Denny discovered it on a Monday morning; there had been a home
match on the Saturday.
The scrawl read "Spike is an illegitimate bastard."
Denny duly reported it to the Head, and opined that the culprit was probably one of the visiting team. On hearing that the visitors were from a sec. mod., McGuinness disagreed, saying that for one thing there was no spelling mistake, and for another, two words had been used where one would do. It therefore had to be an Augustinian.
What caused us all to fall apart was His admonition to the ladies to "Spread yourselves out among the men, my dears!" He did not see the funny side of that at all.

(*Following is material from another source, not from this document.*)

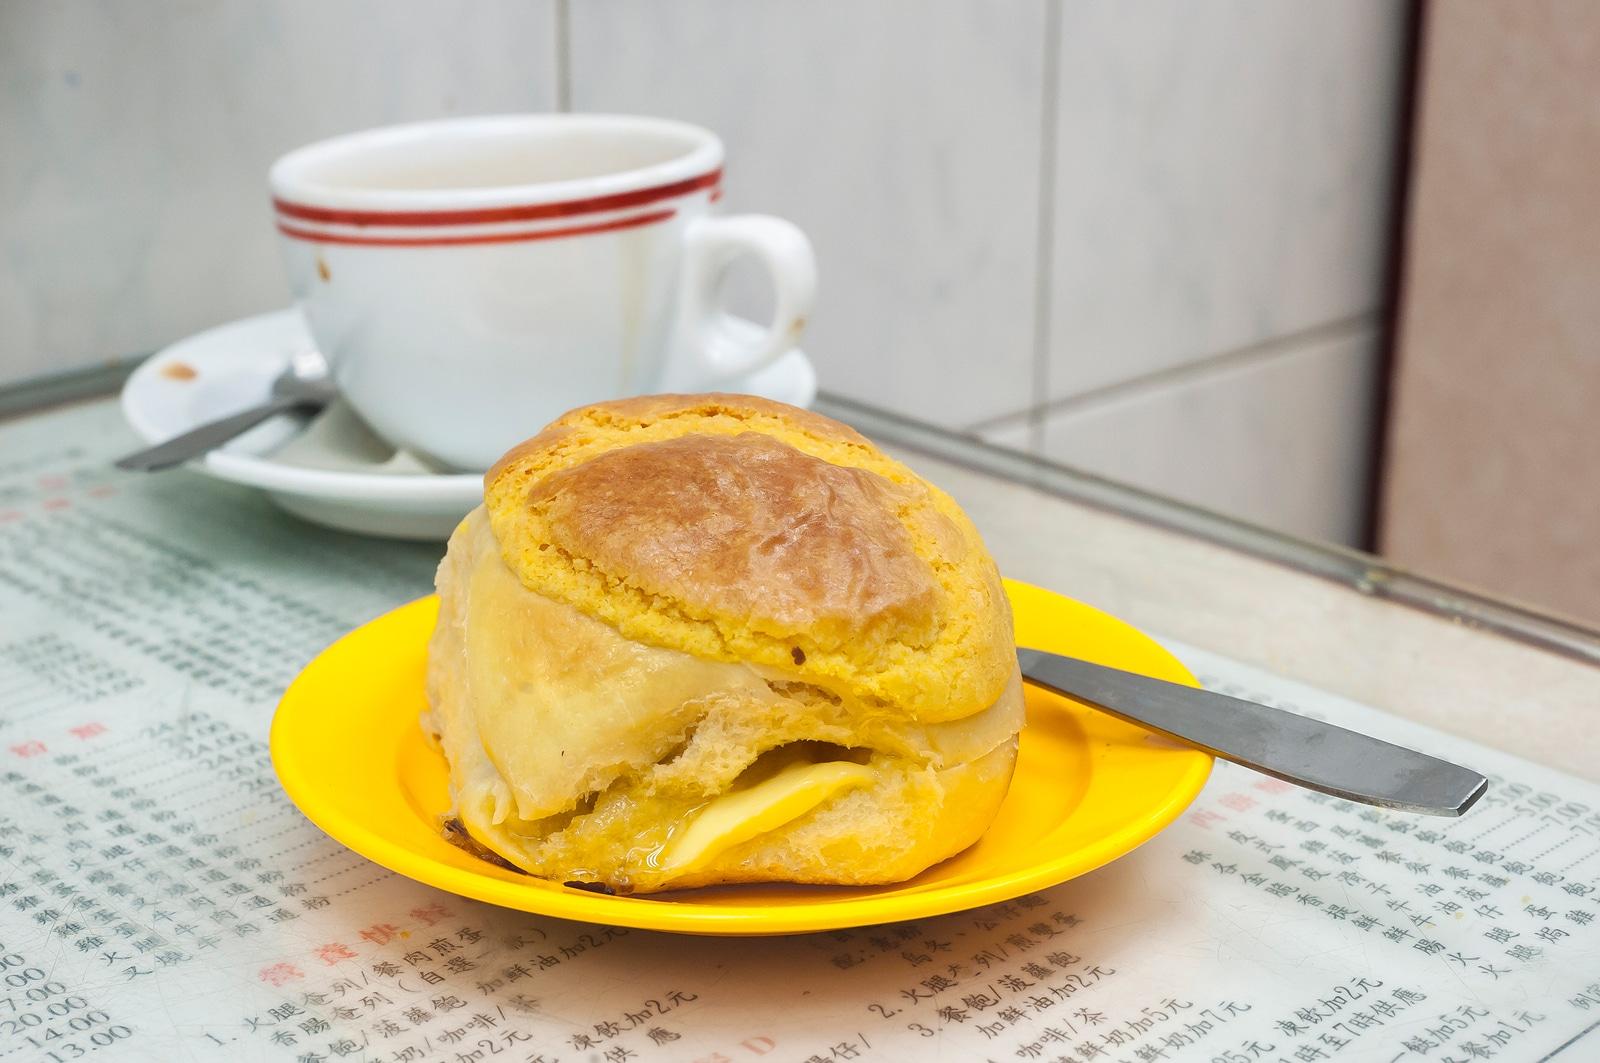 Hong Kong pineapple bun and milk tea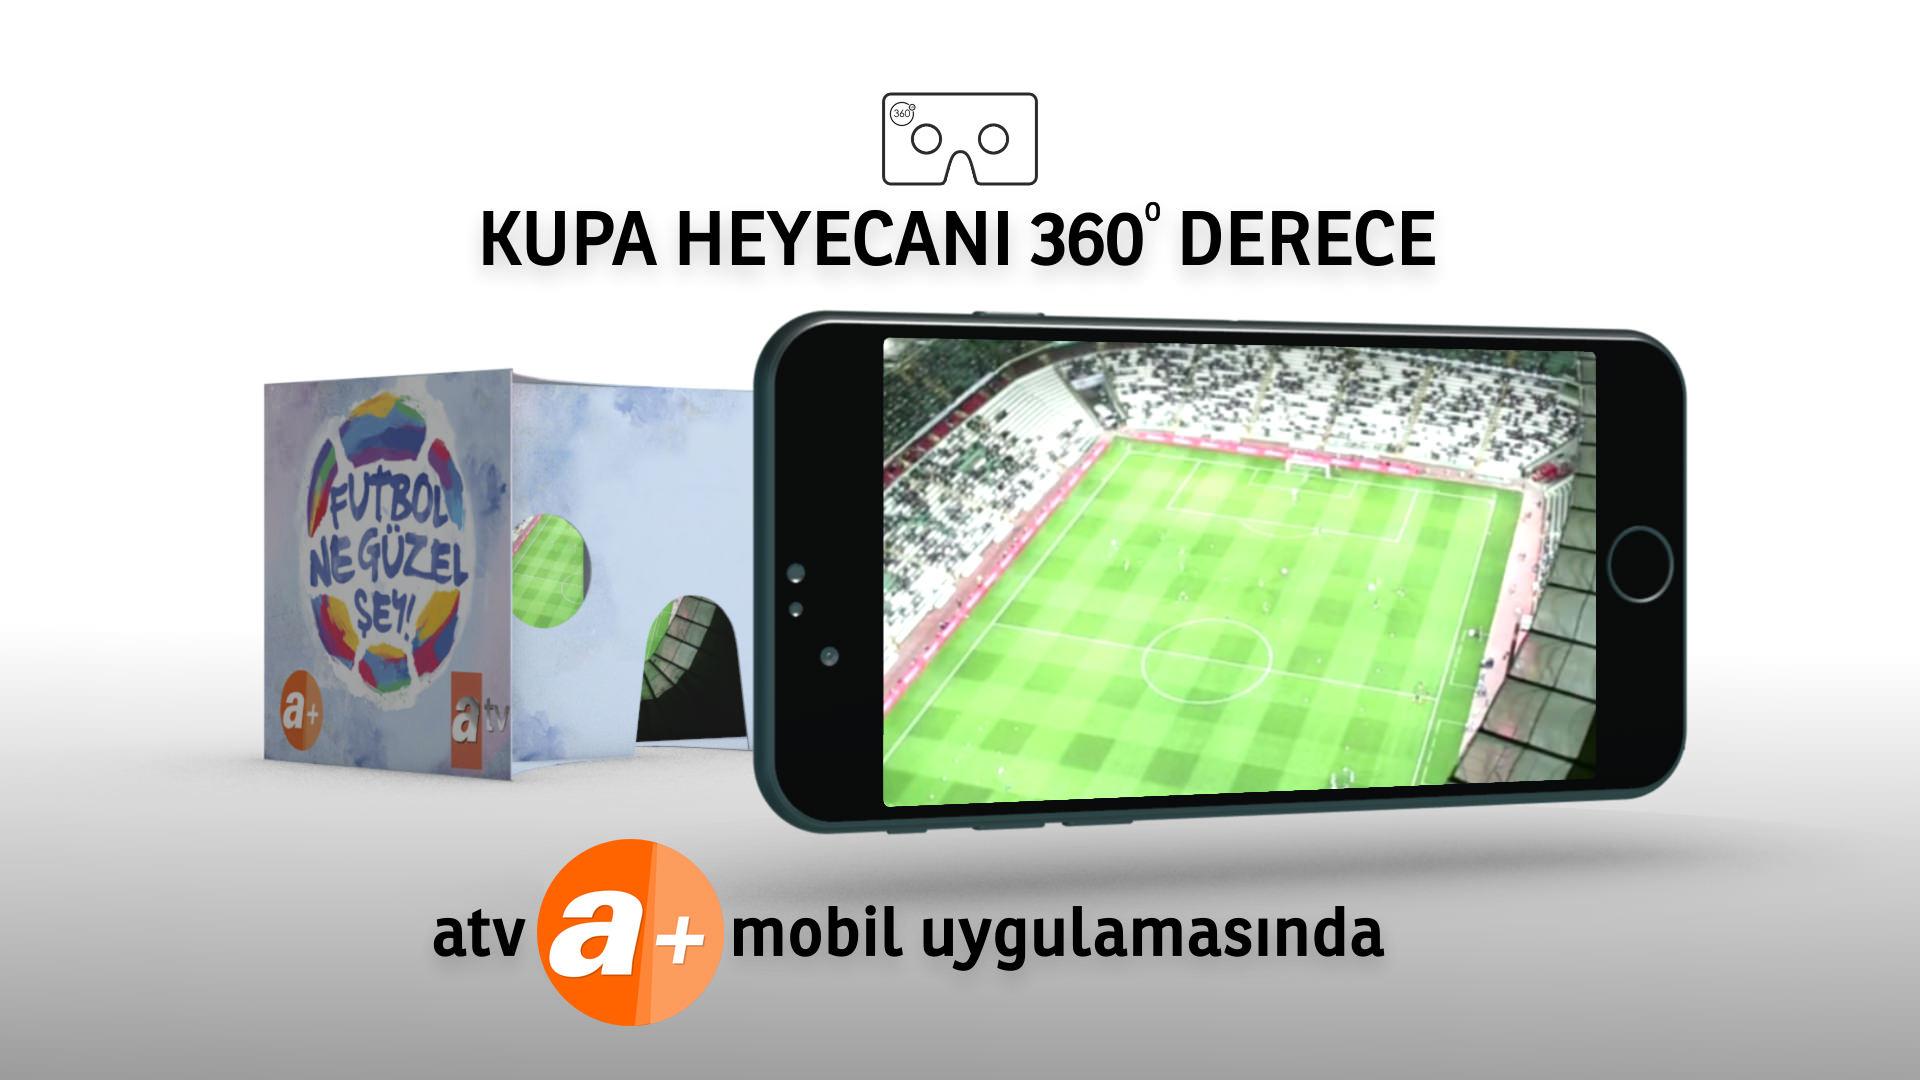 ATV, 26 Mayıs tarihinde Galatasaray ile Fenerbahçe arasında oynanacak Ziraat Türkiye Kupası final maçını 360 derece sunacak.

The Mons. had two ways of entering the staff room. He would come in through the inner door, adjacent to his office; pretend to look at the class photographs as we all fell silent; go out the way he had come in; and then, suddenly, reappear through the outer door opening on to the corridor to see if he could catch us talking about him. Incidentally, looking at the photographs, he would often say - I don't think with sexual intent - "Oh those boys, so delicious. I could eat them." I doubt if he would say that if he was alive today.
Our final staff meetings consisted of large chunks of Dante in Italian typed out by Vera Warren after Monsignor had intoned passages from "The Divine Comedy" into the dictaphone. The school business took ten minutes at the end, after a further discourse on the "Beatific Vision".
Back in the days when bike lamps were powered by a dynamo attached to the wheel, Charles Kelvin was apparently pulled up by the police for riding without lights. After much indignation and argument, it was allegedly discovered that CK indeed did have a dynamo in correct working order but was not generating sufficient power to light the lamp!!!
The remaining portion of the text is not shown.